It's bigger than Pluto - but is it a planet?

Officially 430 miles wider, 'Xena' heats up debate over how to define heavenly bodies.

If Pluto truly is the ninth planet, then it's official: Our solar system has 10.

Astronomers have sized up an object - known formally as 2003 UB313 - and determined that it really is bigger than Pluto.

This bit of one-upmanship, reported in Thursday's issue of the journal Nature, could play a key role in helping astronomers update their definition of a planet. Currently, the International Astronomical Union, which decides these matters, is weighing possible definitions, researchers say. The outcome could leave textbooks, place mats, and neckties with the current nine, drop the number to eight, or vastly expand the number, depending on which definition the IAU chooses.

But the object, unofficially dubbed Xena, is more than a pawn in a game of solar-system semantics. It's the most distant object yet seen in the solar system and the largest since astronomers first eyed Neptune in 1846. It highlights the surprises scientists are uncovering as they probe a ringlike frontier that reaches from just beyond Neptune to more than 50 times the distance between the Earth and sun. That region is thought to hold at least 100,000 objects.

"We're just on the edge here," says Lowell Observatory astronomer Larry Wasserman in Flagstaff, Ariz. "We're just starting to learn what's going on out there."
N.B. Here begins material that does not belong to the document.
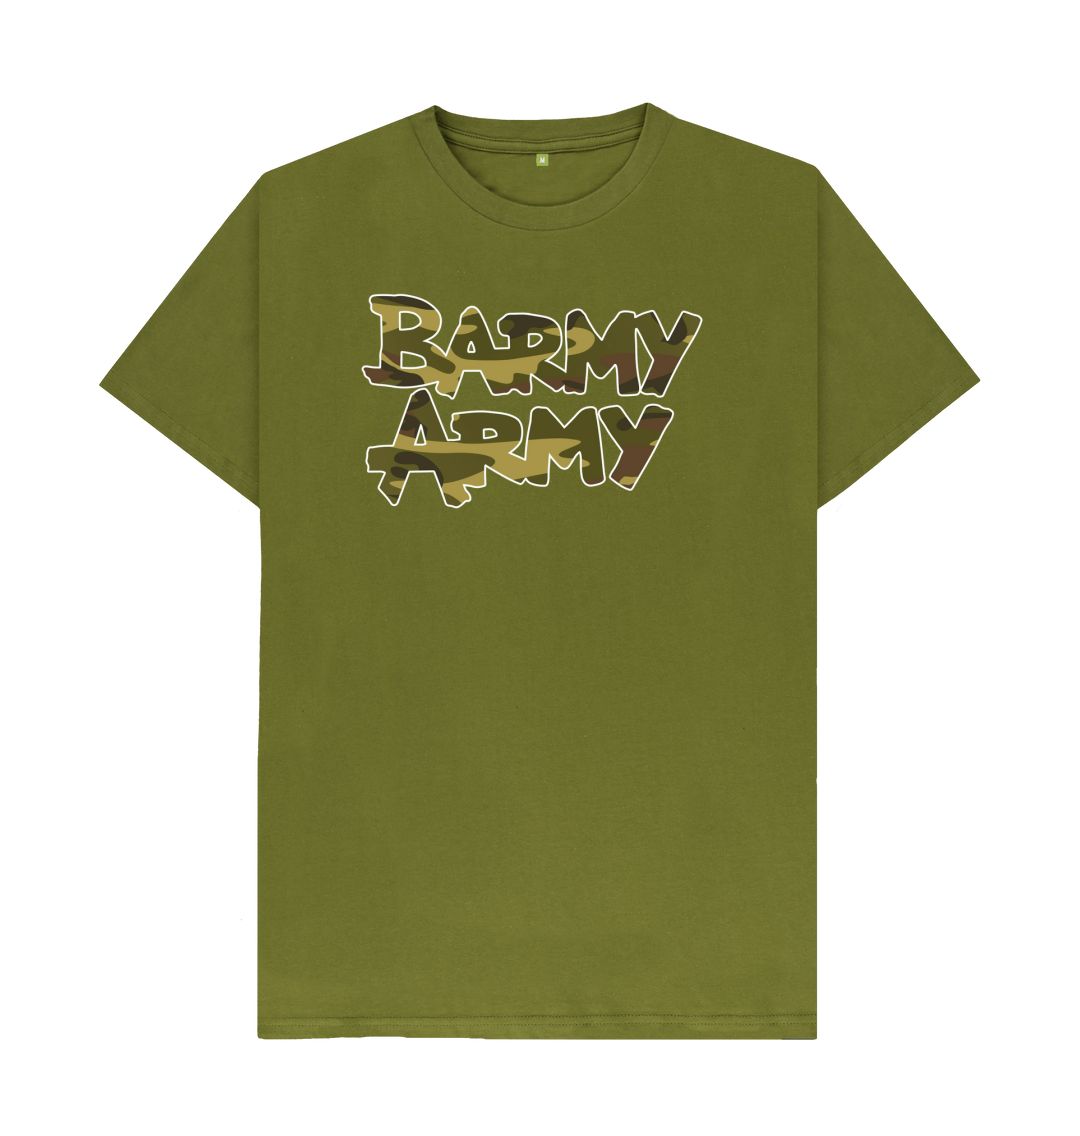 Moss Green Barmy Army Camo Logo Tee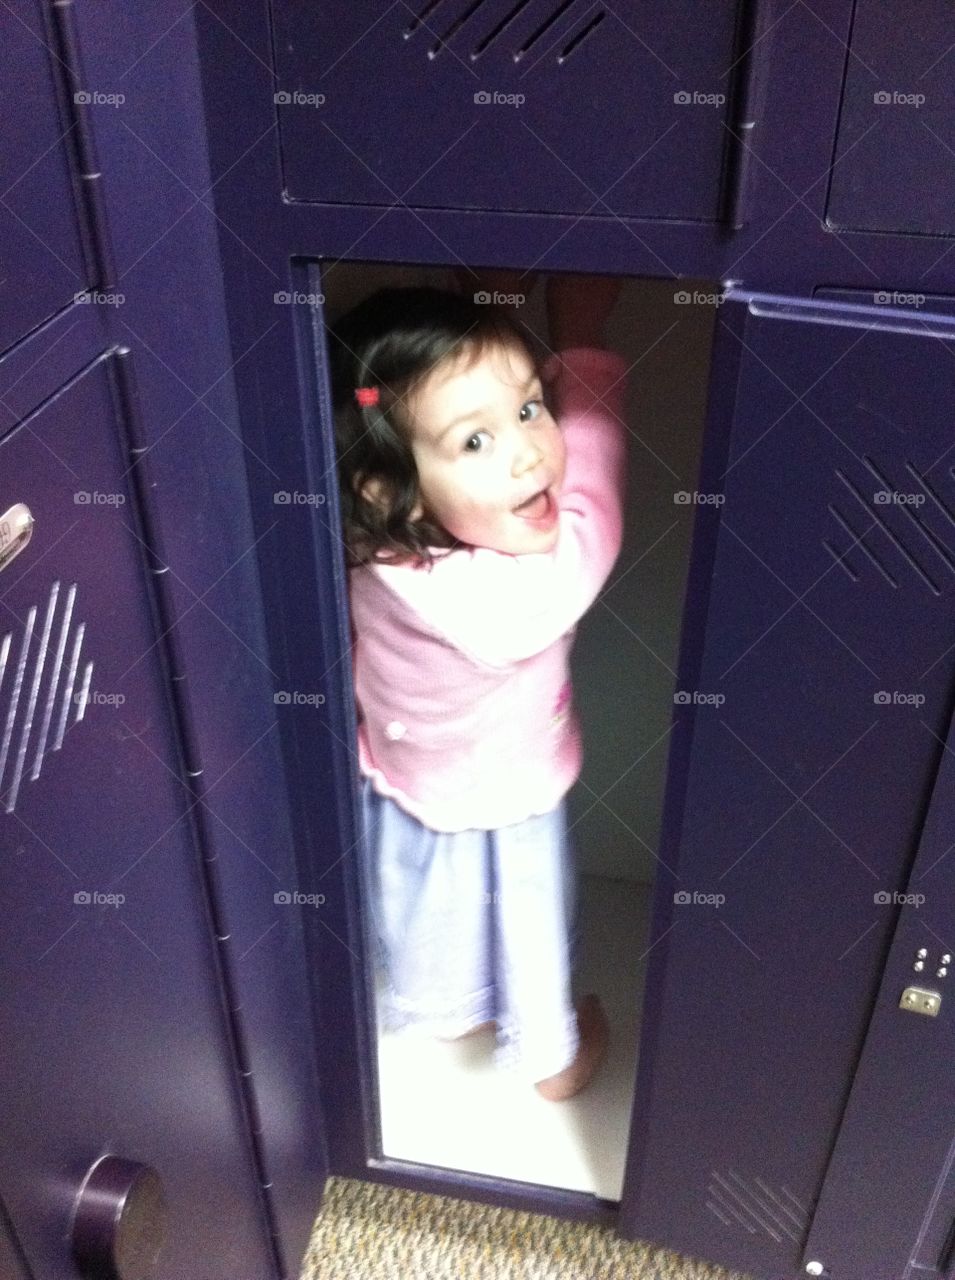 Girl in locker. Little girl inside locker

The region, known as the Kuiper Belt, contains objects that are thought to be pristine remnants of the early cloud of dust and gas from which the solar system formed some 4.6 billion years ago. Thus, they can open a window on the composition of this cosmic cocoon. The subtleties of their orbits can help trace the history of how the outer planets reached their current locations.

Astronomers announced Xena's discovery last year. The team, led by Caltech planetary scientist Michael Brown, found it during a survey of bright Kuiper Belt objects it is conducting at the Mt. Palomar Observatory near San Diego. Xena's elongated orbit around the sun grazes a spot close to Neptune's orbit, then takes it out to roughly 97 astronomical units - 97 times the distance between Earth and the sun. By contrast, Pluto's average orbital distance is about 39 AU. And Xena's orbit is tilted at a 44 degree angle - extreme compared with the orbits of much of the rest of the solar system. Xena is nearly as bright as Pluto. Like Pluto, it appears to be made of methane ice. And it hosts a tiny moon.

But the best astronomers could do at the time was estimate Xena's size as "certain to be larger than Pluto," based on the amount of light it reflects. Now, a team of European astronomers have used a radio telescope in Spain to give a firmer number to Xena's "waistline." It's only about 1,860 miles across - less than the width of the United States - but still some 430 miles wider than Pluto.

Xena's girth gives the IAU's classification scheme a handful of options, notes Scott Sheppard, an astronomer at the Carnegie Institution of Washington. For example, he explains, the IAU could pick an arbitrary size, say 1,200 miles across, to keep Pluto in the fold. That would yield 10 planets, including Xena. It could bestow the moniker on any object with enough mass to be spherical - which would lead to planet inflation. It might consider tacking the term to any object that has a unique orbit and whose gravity dominates its neighborhood - itself a fuzzy concept. This would demote Pluto, relegating it to nonplanet status.

The debate over planets at the small end of the scale mirrors one that some astronomers have been having over planets at the large end as they detect solar systems beyond our own. Where do gas giant planets leave off and brown-dwarf stars begin? A brown dwarf is a star that failed to gather enough mass to ignite.

"Nature hasn't been very nice to us" as a guide on when to anoint an object as "planet," says Dr. Sheppard, who says he considers Xena the "nail in the coffin" of the Pluto-is-planet argument.